Supplied material —
_ _ _ _ _ _ _

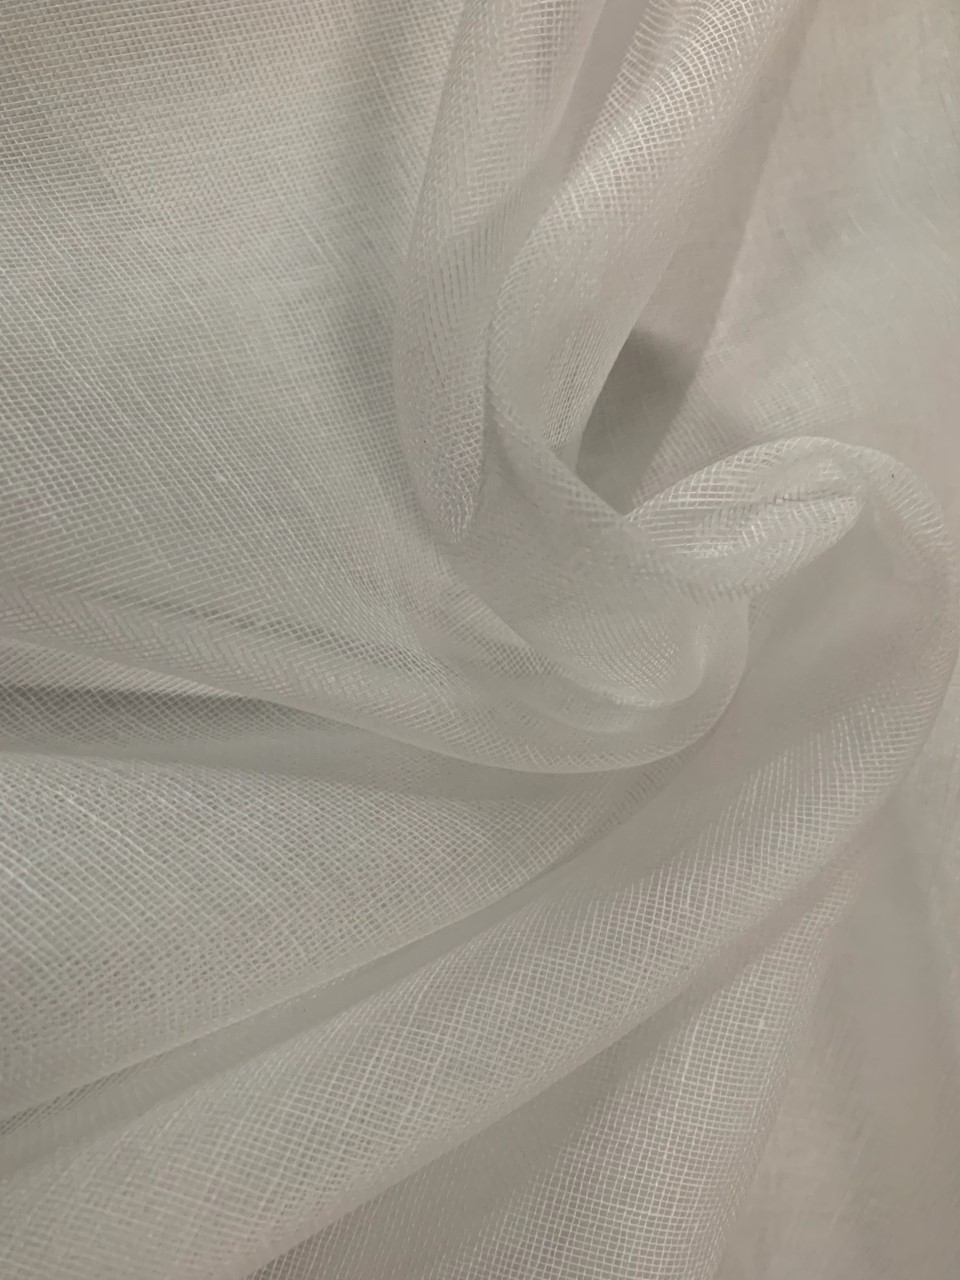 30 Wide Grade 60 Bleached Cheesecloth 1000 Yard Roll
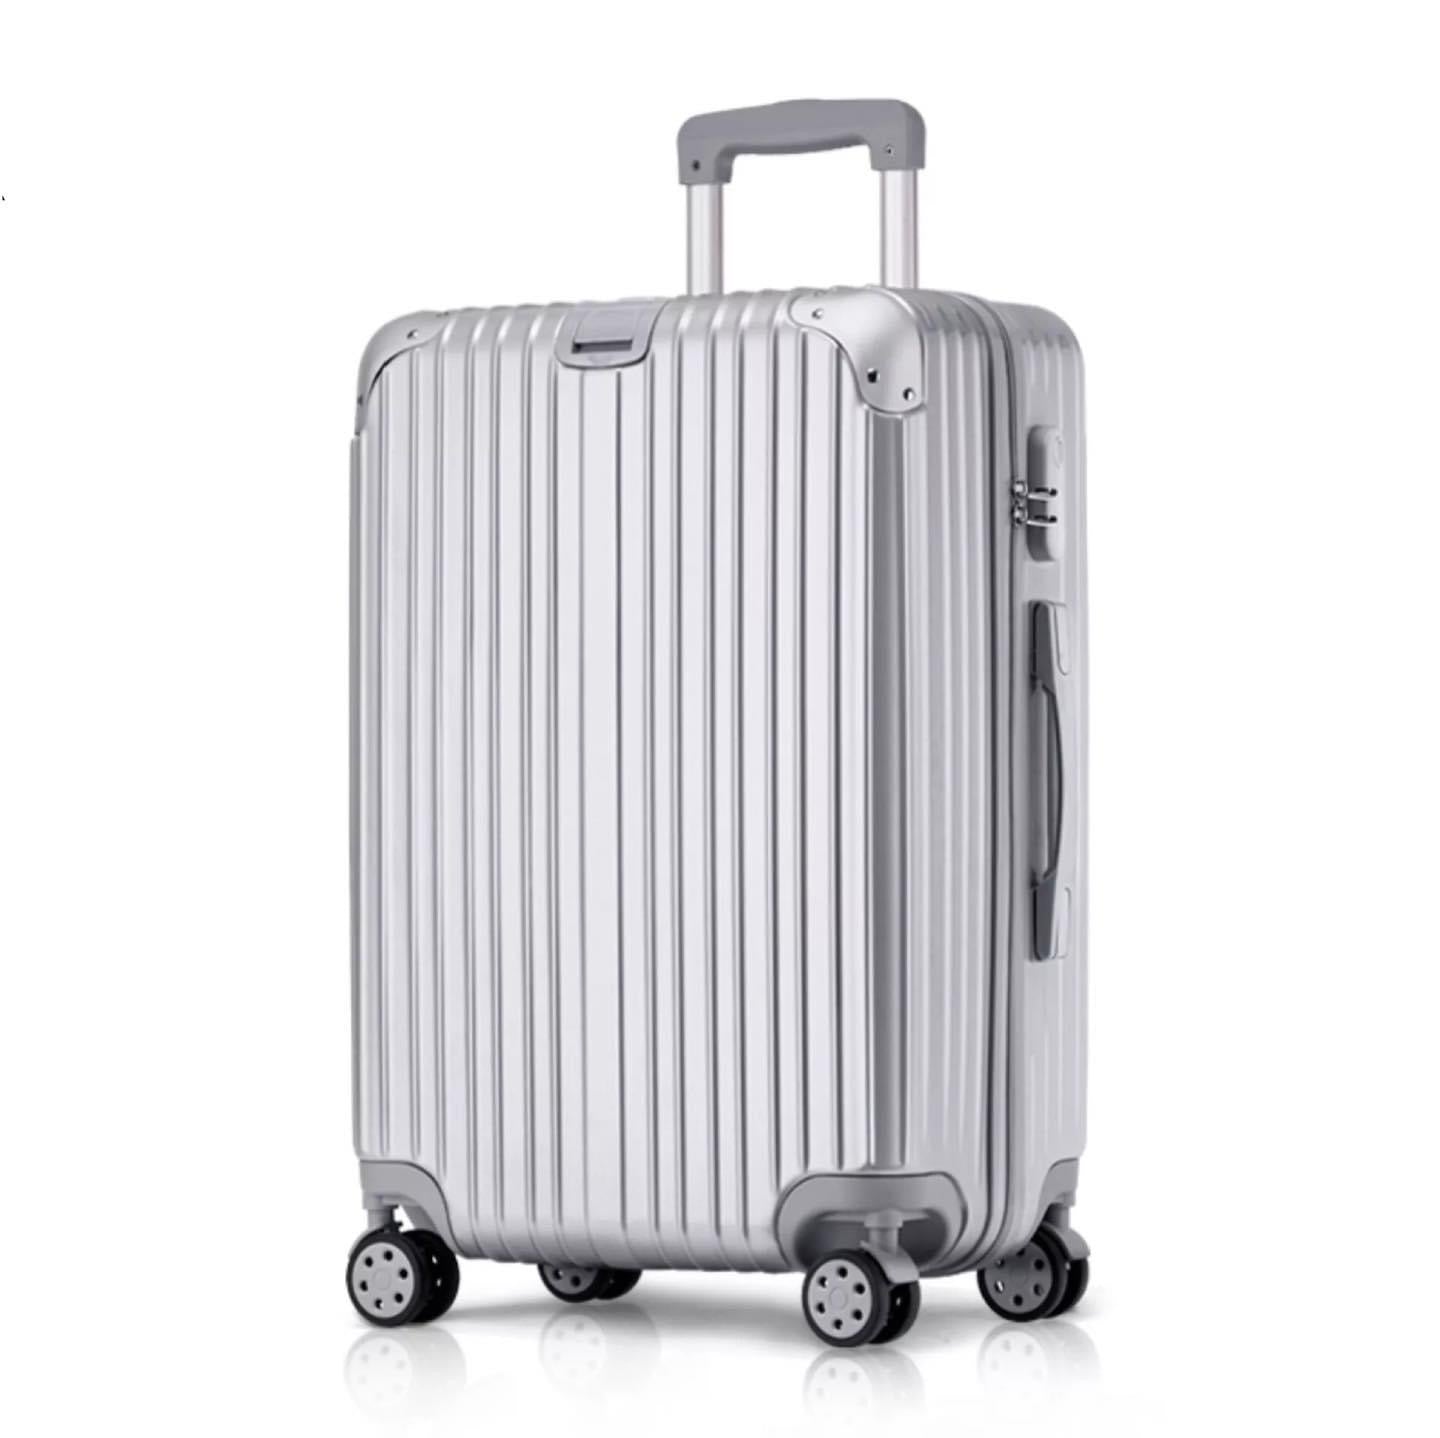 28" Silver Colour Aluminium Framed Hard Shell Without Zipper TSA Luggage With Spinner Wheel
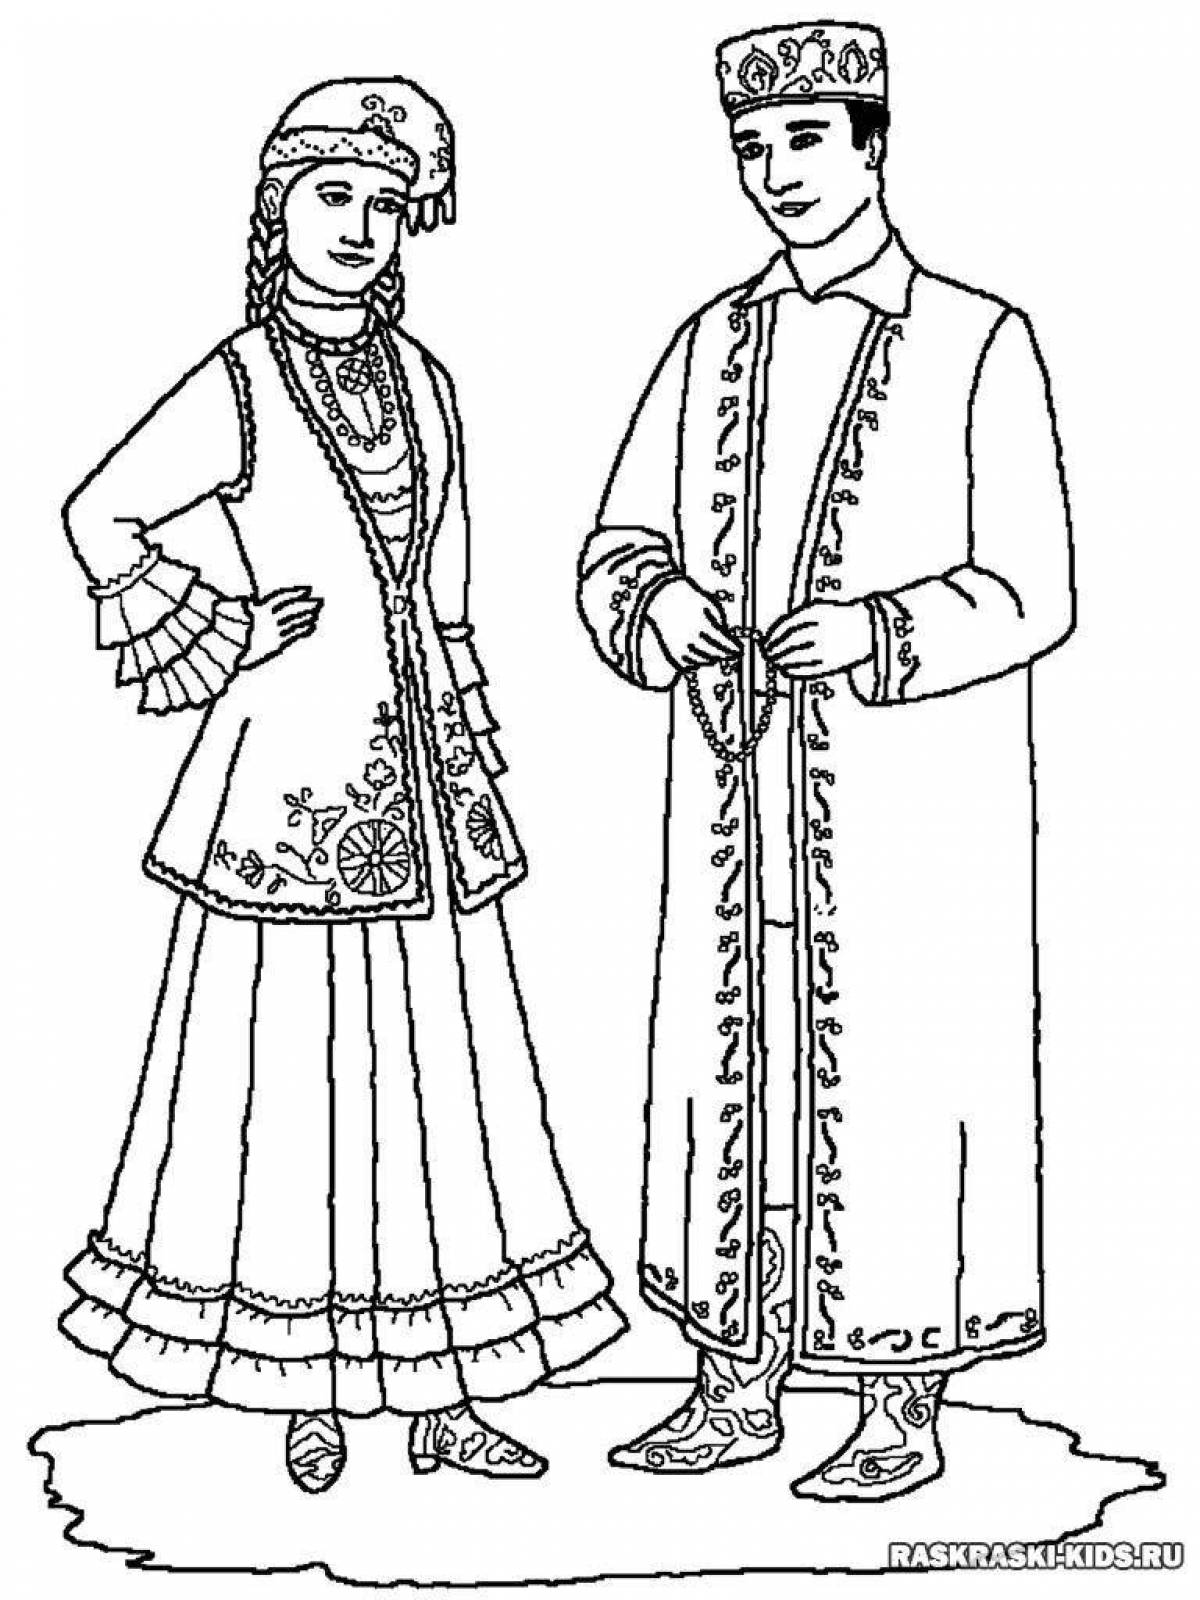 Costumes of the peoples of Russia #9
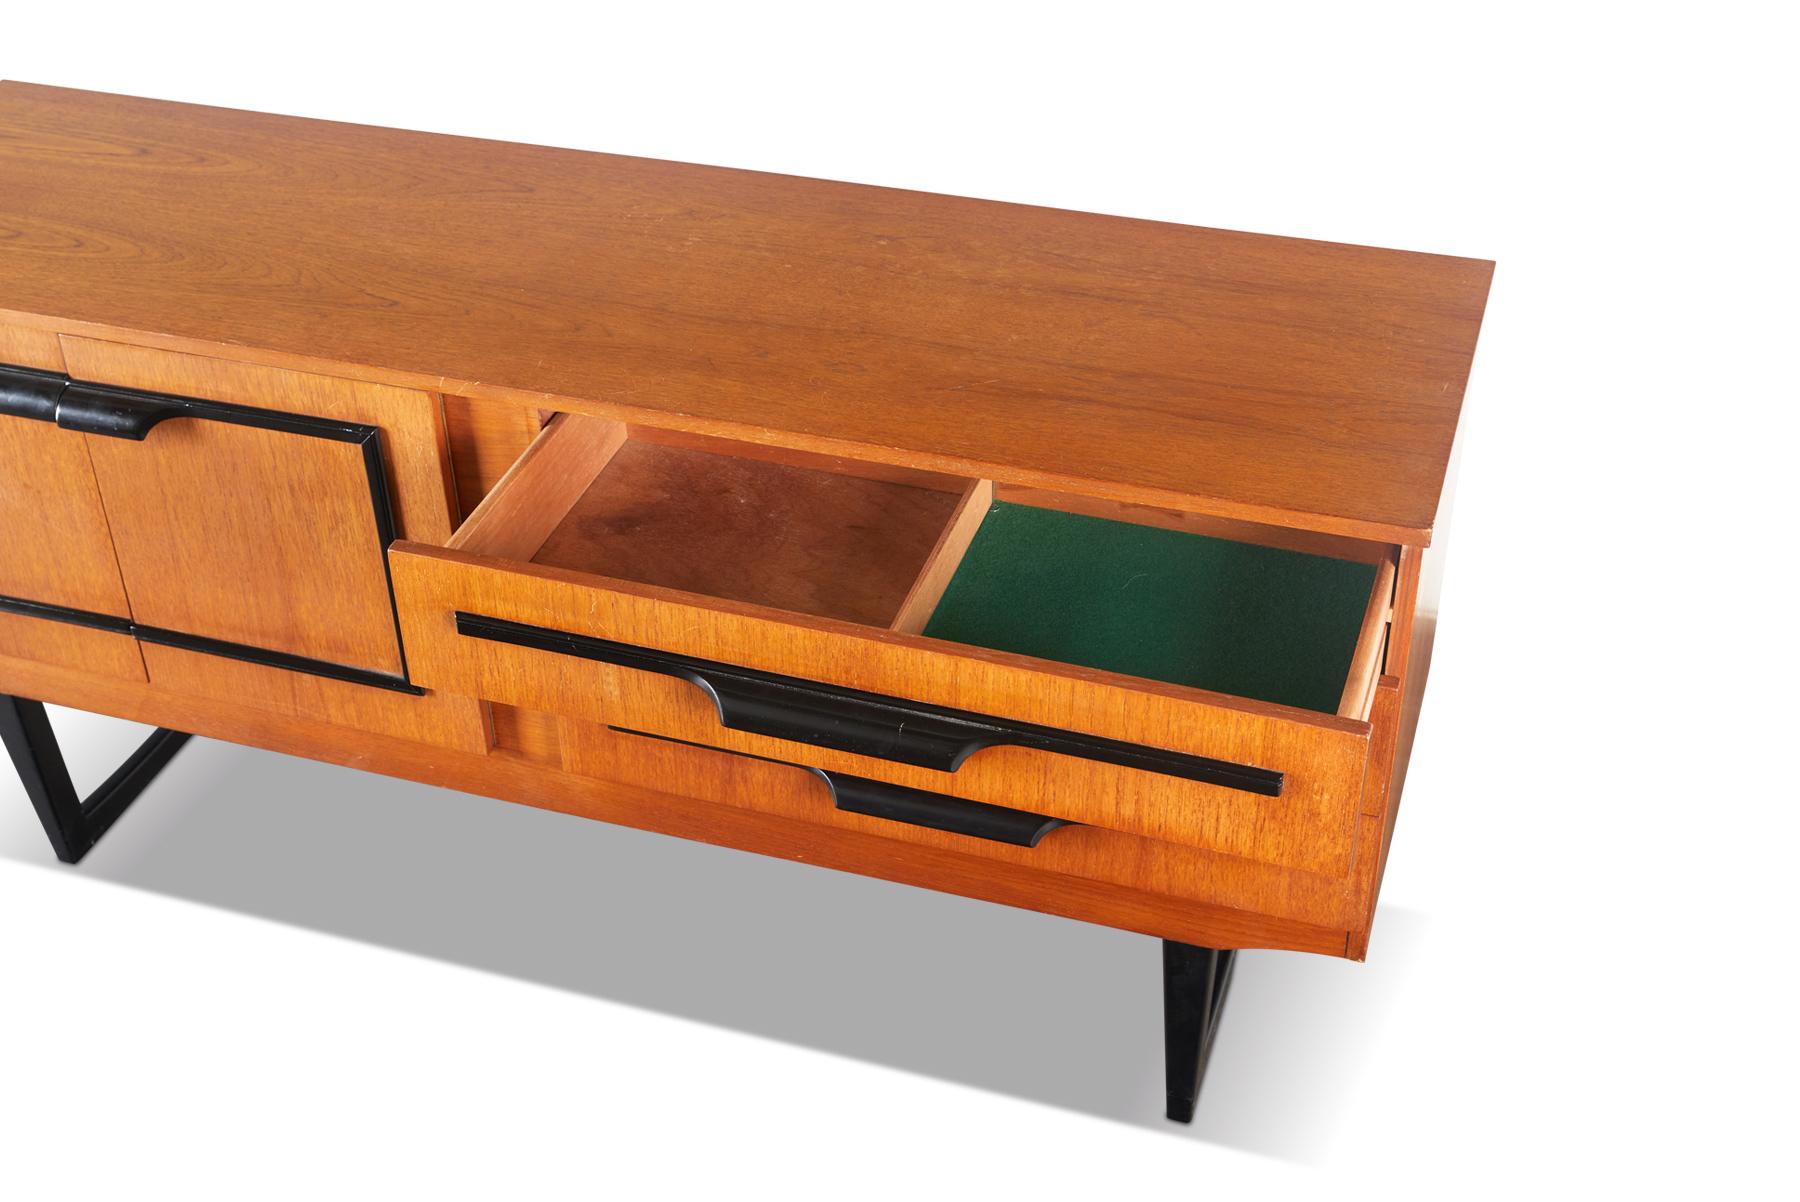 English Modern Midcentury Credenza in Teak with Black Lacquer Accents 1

_ _ _ _ _ _ _

Print the lines from the one that contains "Costumes of the peoples of Russia #9" through the final line of the material above, exactly and only those, with pictures left out.

Written solution —
 Costumes of the peoples of Russia #9
 English Modern Midcentury Credenza in Teak with Black Lacquer Accents 1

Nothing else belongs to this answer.